Keywords: Convolutional neural networks, cone beam computed tomography, prior knowledge

Background:
Reduction of X-radiation in CBCT image guided medical interventions by using sparse views is essential but results in strong streaking artifacts.

Objective:
Investigating how and to what extent different kinds of prior knowledge improve the quality of sparse view CBCT reconstructions.

Methods:
Algorithms incorporating three types of prior knowledge in combination with convolutional neural networks are proposed and evaluated.

Results:
Temporal/model prior knowledge results in the highest quality increase but needs coarse co-registration of the incorporated scans. Deep learning prior knowledge results in a moderate quality increase whereas algebraic prior knowledge improves the quality the least.

Conclusions:
Temporal/model prior knowledge was found to achieve the highest quality reconstructions.
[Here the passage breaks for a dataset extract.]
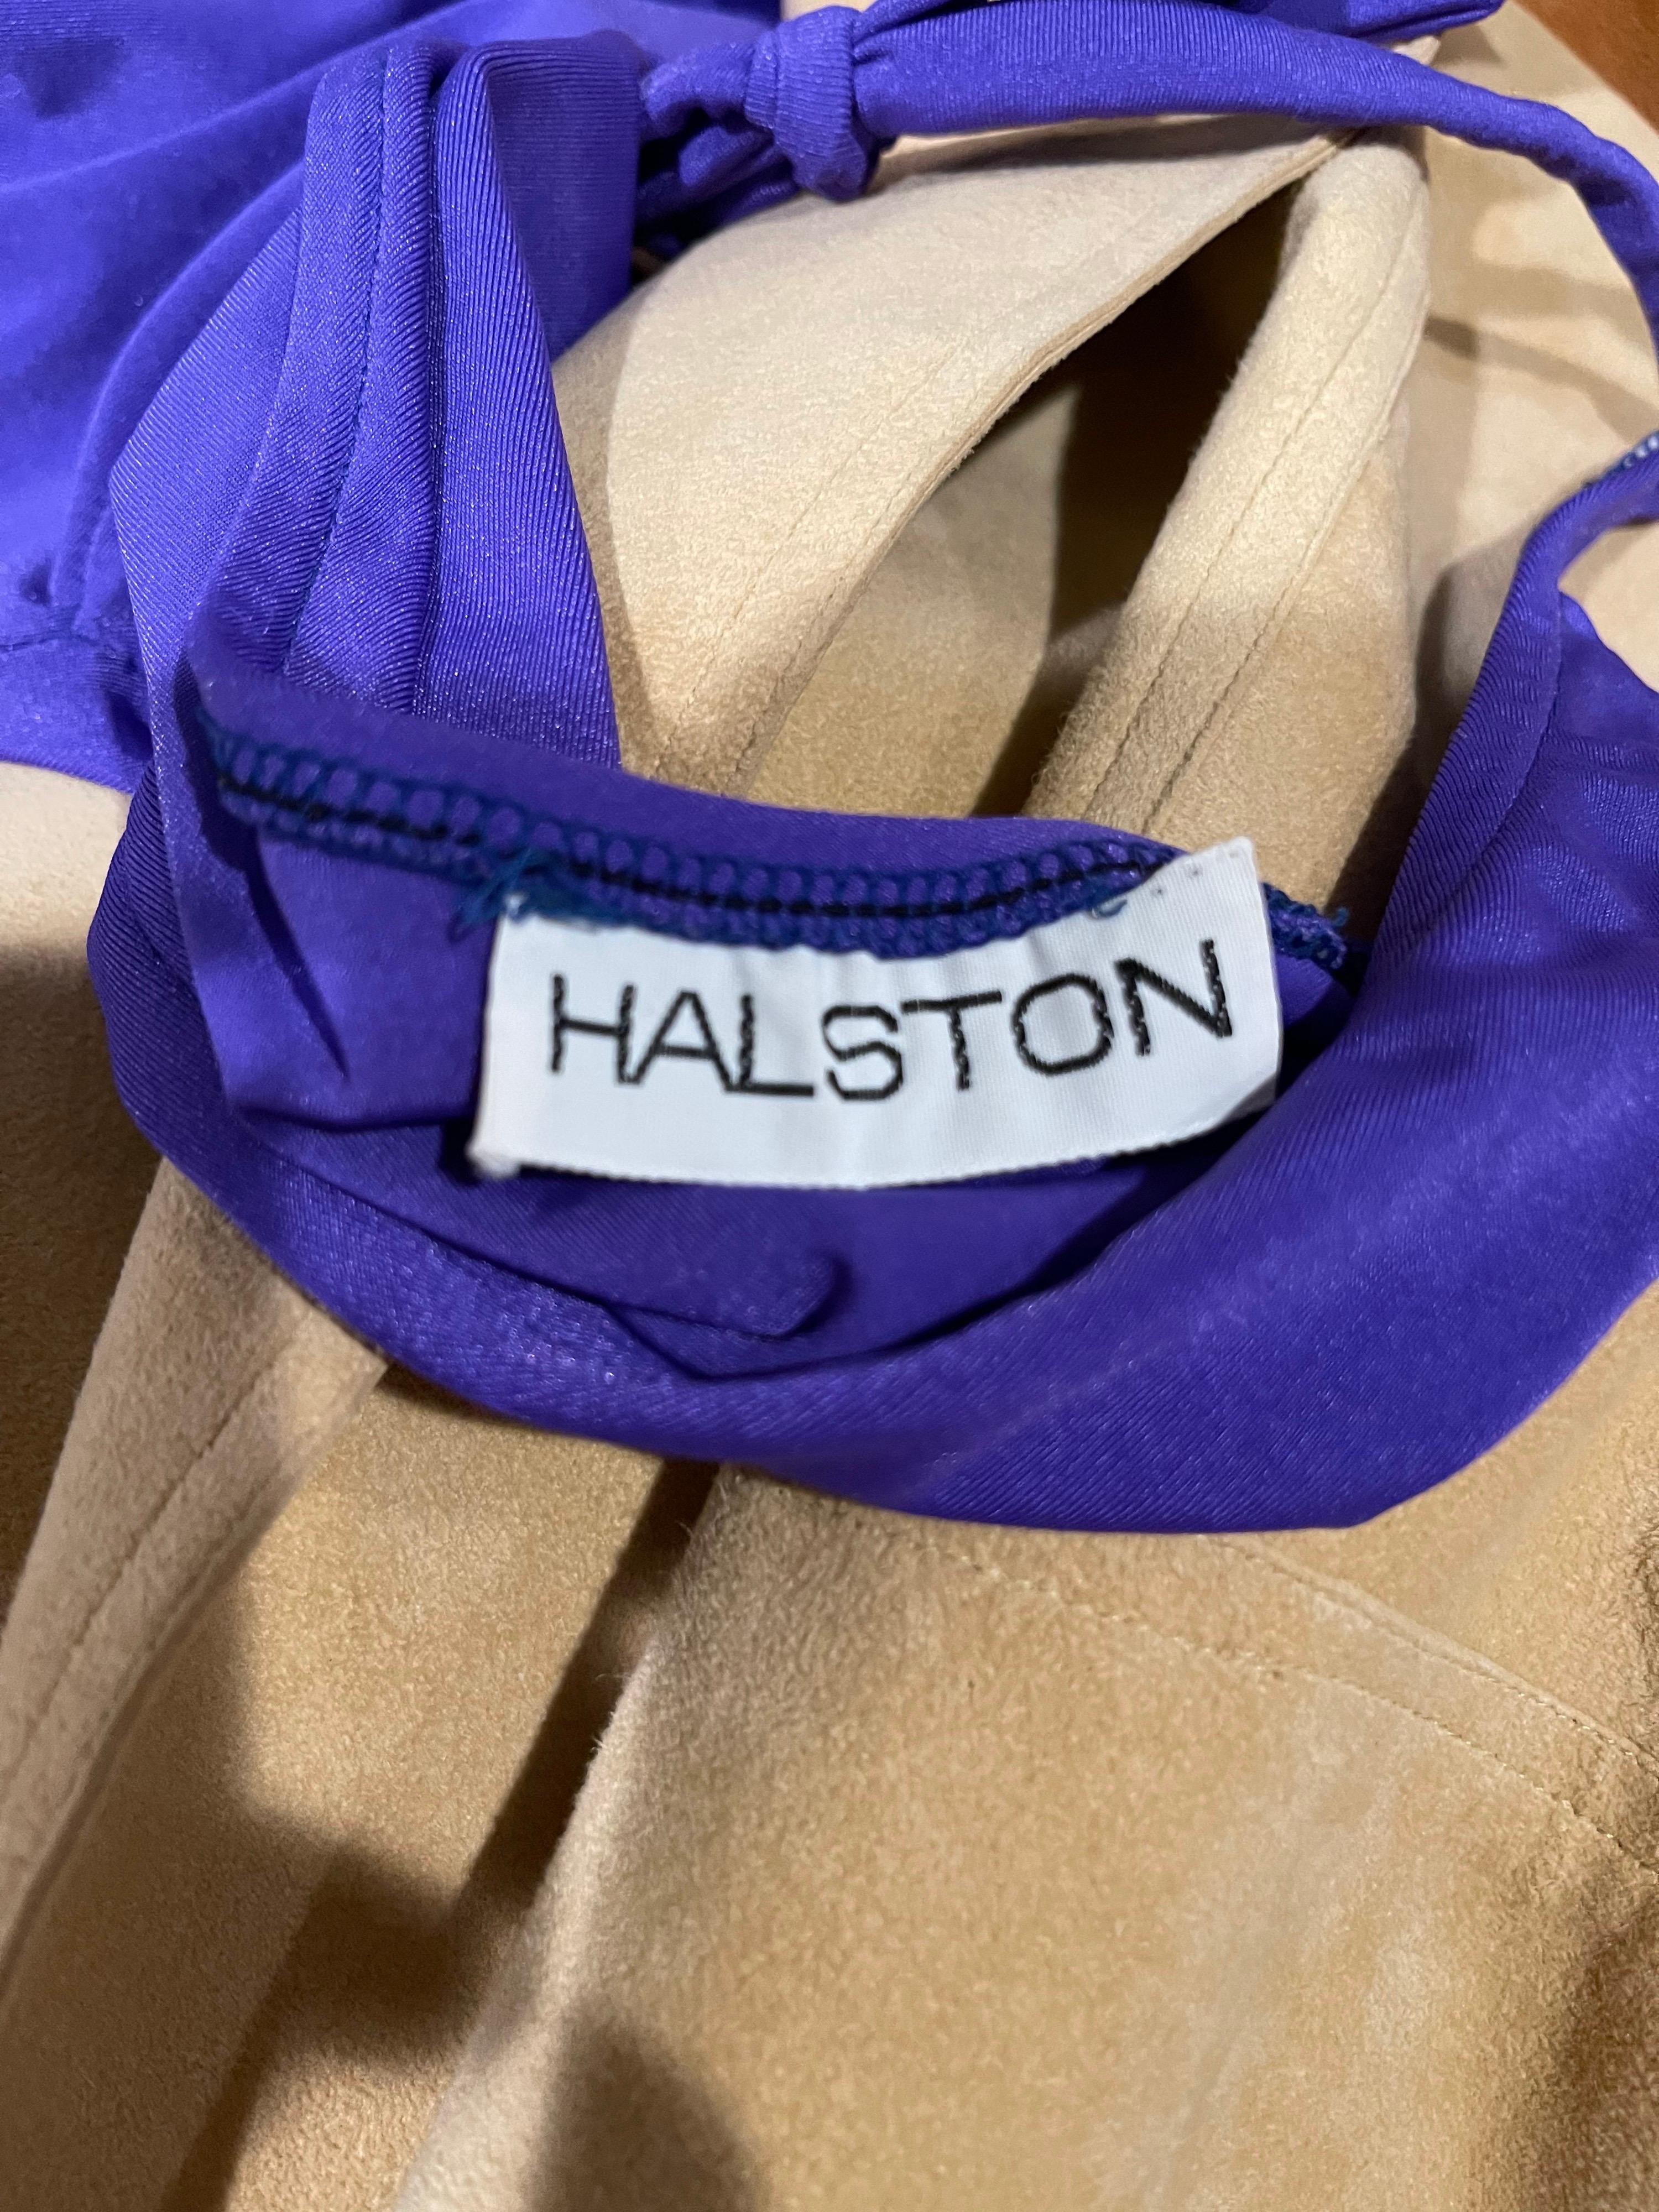 Seltene und sexy 1970er HALSTON lila ein Stück plunging Halfter Badeanzug ODER Bodysuit ! Schöner lila Juwelen-Ton Farbe. Diese seltene Schönheit ist einer von 6 Halston-Badeanzügen, die ich kürzlich von einem originalen Halstonette-Modell erworben

The data was based on simulated projections, however, and therefore needs to be evaluated on real data and specific use cases.

Originality:
To the best of our knowledge, this is the first time that the impact of different categories of prior knowledge in the scope of CT reconstruction with convolutional neural networks was assessed and evaluated. Moreover, mathematical insights on widely used similarity metrics are provided.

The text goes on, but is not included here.